Authentication is described through three factors. Something you know is the weakest, since passwords are
guessed, phished, and reused. Something you have, such as a hardware key, is stronger because it requires physical
access. Something you are, meaning biometrics, is convenient but cannot be changed if compromised.
Multi-factor
authentication combines two or more of these and blocks the great majority of automated credential attacks. Among
MFA options, hardware keys and passkeys are stronger than SMS or TOTP, since the latter can still be phished by a
convincing fake login page.
Passwords should never be stored in plaintext. Storing a bare hash is insufficient because rainbow tables let
attackers reverse common passwords. The correct pattern is a salted hash computed by a deliberately slow function
such as bcrypt, scrypt, or argon2. A login that takes a quarter of a second is imperceptible to the user but
devastating to a brute-force attacker.
Sessions are managed in two main styles. Session cookies keep state on the server and are easy to revoke. JWTs
are signed self-contained tokens that scale well in distributed systems but are hard to revoke before they expire.
API keys are a programmatic variant and require their own hygiene, including avoiding source-control commits,
scoping to least privilege, and rotating periodically.
Single sign-on routes authentication through a central identity provider, simplifying onboarding, offboarding,
and uniform MFA enforcement.
OAuth 2.0 enables delegated authorization, letting a third-party application act on a
user's behalf within a scoped, revocable token rather than receiving the user's password.
Service-to-service authentication uses dedicated service accounts, cloud IAM roles that cloud workloads inherit
automatically, and mutual TLS in zero-trust architectures. The recurring failure mode is hardcoded credentials in
scripts or config files.
6. The Equifax Breach
Equifax is one of three major US credit bureaus. It held financial data on roughly 800 million people. The 2017
breach exposed personal data of about 147 million Americans, including Social Security numbers, birth dates,
addresses, driver's license numbers, and credit cards.
The entry point was an Apache Struts vulnerability. A patch was available the same day it was disclosed in March
2017. Internal teams were told to apply it, and a vulnerability scan a few days later reported no issues. The
attackers exploited the still-unpatched system in May, then spent 76 days inside the network exfiltrating data
before unusual traffic was noticed at the end of July. Public disclosure followed in September.

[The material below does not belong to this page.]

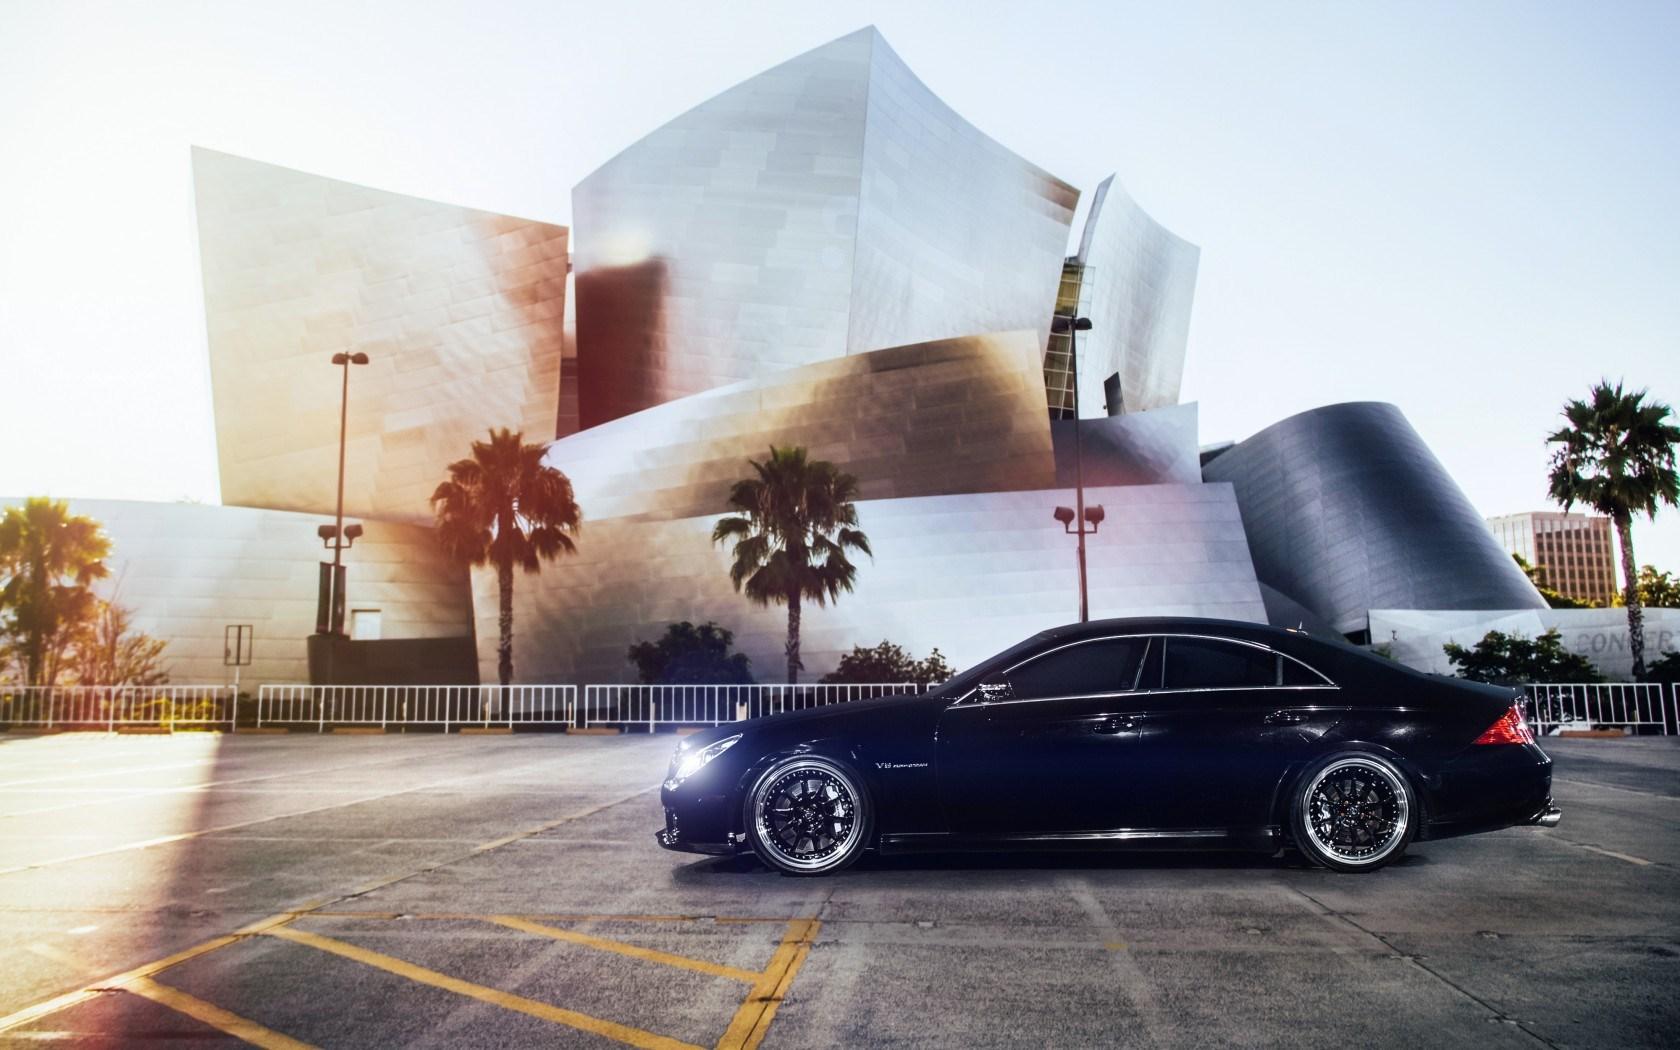 Mercedes-Benz CLS 55 AMG Tuning Car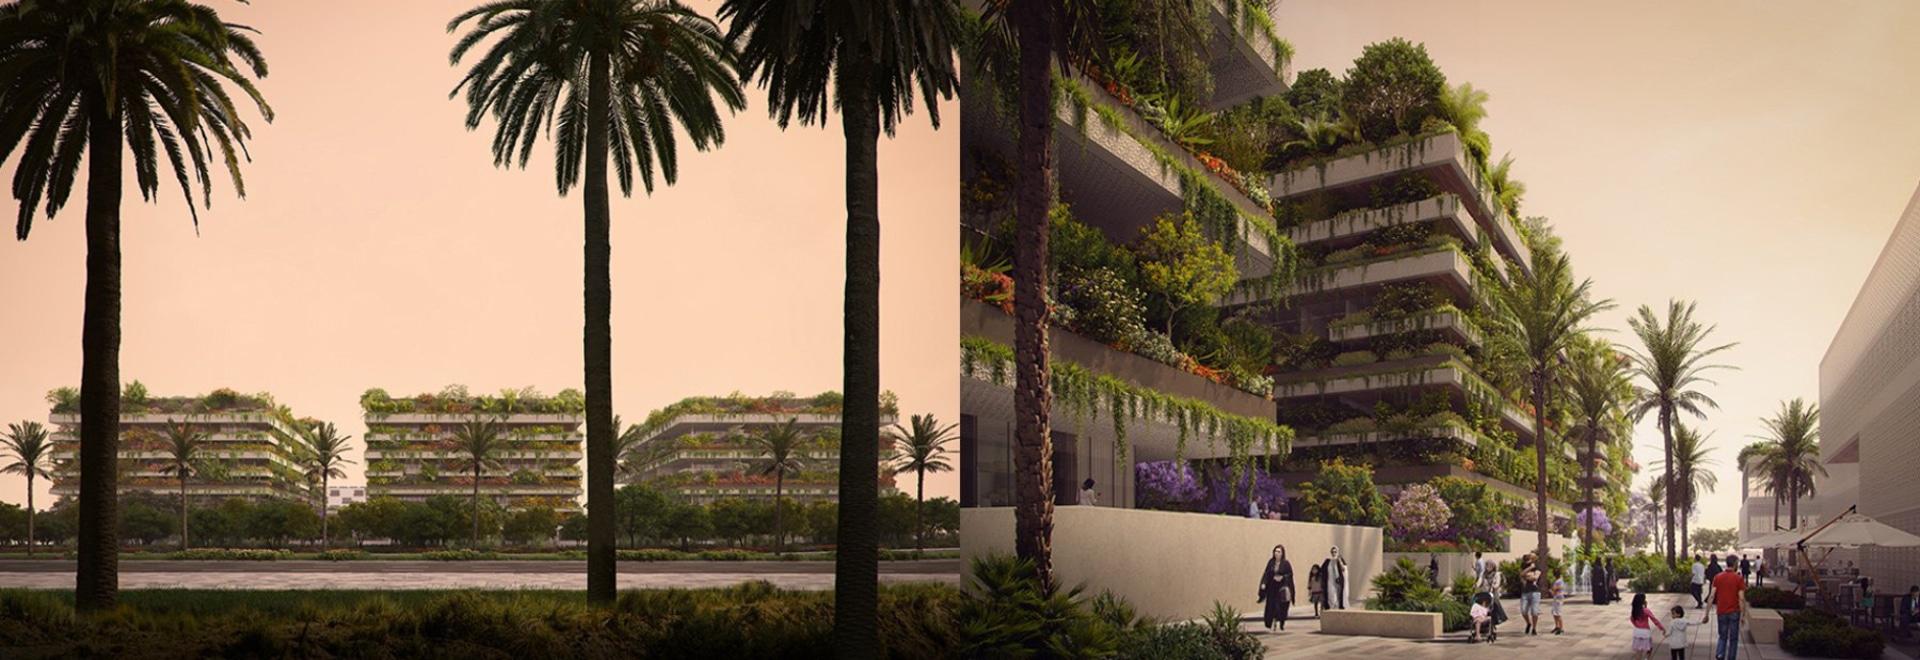 stefano boeri planea tres'cubos verdes' para egipto que formarán el primer bosque vertical de áfrica

Six layered failures combined to make the breach possible. The Struts patch was not applied promptly. The
vulnerability scan failed to cover the affected system. An internal traffic-inspection tool had an expired SSL
certificate for nineteen months and so could not see the exfiltration. The network was flat, with no segmentation
to limit lateral movement. PII was stored unencrypted at rest. Database credentials were kept in plaintext config
files, which let the attackers jump from the initial compromised host to
the databases.
Each one of these failures is common on its own.
The breach was so severe because every layer that should have caught it
was simultaneously broken, revealing systematic neglect. Defense in depth
would have worked if the layers actually worked.
7. Access Control in Databases
Least privilege is the organizing principle. Every user and process should have only the permissions needed,
since the blast radius of a breach equals whatever the compromised account could touch. The principle is harder to
follow than to state because of convenience pressure, permission creep, and a lack of regular reviews.
Role-based access control (RBAC) introduces a layer of indirection between users and permissions. Permissions
are
granted to named roles such as analyst, engineer, or admin, and users are assigned to roles. Onboarding,
offboarding, and policy changes all happen at the role level, and the system is straightforward to audit.
Attribute-based access control (ABAC) instead writes policies that depend on attributes of the user, the
resource, and
the environment. A typical policy might allow finance employees to read confidential records only from the
corporate network during business hours.
ABAC is more expressive than RBAC but harder to audit, so most real
systems are hybrids that use RBAC for the common case and ABAC for context-sensitive exceptions.
Databases offer several enforcement mechanisms at different granularities. Views restrict which columns a user
can see. Row-level security restricts which rows are visible within the same table, useful for multi-tenant or
regional access. Column-level encryption stores sensitive values as ciphertext, providing defense in depth at the
cost of harder querying and key management. Dynamic data masking transforms displayed values based on the viewer
rather than encrypting the underlying storage.
Real-world failures are usually human. Shared service accounts erase accountability, permissions accumulate
without review, and overly strict controls produce shadow IT in which analysts move data to personal spreadsheets.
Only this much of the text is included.